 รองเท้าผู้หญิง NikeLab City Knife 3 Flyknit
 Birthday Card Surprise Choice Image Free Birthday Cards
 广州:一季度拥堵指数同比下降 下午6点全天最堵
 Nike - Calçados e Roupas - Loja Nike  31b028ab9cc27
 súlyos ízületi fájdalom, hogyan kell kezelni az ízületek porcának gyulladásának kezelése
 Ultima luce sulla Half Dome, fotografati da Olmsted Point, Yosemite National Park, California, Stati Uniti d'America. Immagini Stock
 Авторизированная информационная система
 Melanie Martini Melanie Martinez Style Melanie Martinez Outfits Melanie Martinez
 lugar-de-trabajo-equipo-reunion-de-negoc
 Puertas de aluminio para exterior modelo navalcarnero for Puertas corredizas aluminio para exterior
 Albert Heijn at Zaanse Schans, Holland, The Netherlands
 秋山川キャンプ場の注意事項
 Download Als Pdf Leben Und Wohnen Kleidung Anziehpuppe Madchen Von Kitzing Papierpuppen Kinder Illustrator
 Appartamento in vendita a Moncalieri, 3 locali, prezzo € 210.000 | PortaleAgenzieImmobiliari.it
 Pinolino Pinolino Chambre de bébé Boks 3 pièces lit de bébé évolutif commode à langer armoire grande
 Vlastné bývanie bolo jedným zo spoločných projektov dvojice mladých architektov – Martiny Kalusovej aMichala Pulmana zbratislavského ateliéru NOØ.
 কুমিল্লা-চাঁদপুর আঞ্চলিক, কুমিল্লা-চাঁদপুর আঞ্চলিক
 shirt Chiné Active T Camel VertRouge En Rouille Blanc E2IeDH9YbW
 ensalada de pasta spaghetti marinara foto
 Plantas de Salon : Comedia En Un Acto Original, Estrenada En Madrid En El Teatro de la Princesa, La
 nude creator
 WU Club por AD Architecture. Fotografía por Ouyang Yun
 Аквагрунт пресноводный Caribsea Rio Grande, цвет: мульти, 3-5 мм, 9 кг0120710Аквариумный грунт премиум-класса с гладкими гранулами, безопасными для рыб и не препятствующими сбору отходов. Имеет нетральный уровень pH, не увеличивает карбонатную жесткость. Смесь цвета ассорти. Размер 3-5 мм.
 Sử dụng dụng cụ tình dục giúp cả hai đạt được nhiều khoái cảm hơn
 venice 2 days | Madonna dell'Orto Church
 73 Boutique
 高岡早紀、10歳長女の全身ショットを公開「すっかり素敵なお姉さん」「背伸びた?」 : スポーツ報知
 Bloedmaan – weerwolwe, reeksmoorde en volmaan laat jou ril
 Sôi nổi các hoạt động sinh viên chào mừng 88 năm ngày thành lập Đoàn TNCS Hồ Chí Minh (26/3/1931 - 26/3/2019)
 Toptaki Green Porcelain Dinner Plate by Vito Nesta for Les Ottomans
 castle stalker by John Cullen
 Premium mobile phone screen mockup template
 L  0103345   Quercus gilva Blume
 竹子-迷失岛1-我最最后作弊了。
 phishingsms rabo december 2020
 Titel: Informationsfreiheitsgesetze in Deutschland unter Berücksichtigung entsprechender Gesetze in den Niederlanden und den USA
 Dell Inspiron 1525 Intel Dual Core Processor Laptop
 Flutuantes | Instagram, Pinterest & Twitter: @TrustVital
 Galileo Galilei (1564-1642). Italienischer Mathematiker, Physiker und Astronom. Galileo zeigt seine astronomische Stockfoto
___
• About this task
An exact, complete copy of the lines above from the one with "Puertas de aluminio" through the one with "秋山川キャンプ場の注意事項" is the whole answer.

• Result below
 Puertas de aluminio para exterior modelo navalcarnero for Puertas corredizas aluminio para exterior
 Albert Heijn at Zaanse Schans, Holland, The Netherlands
 秋山川キャンプ場の注意事項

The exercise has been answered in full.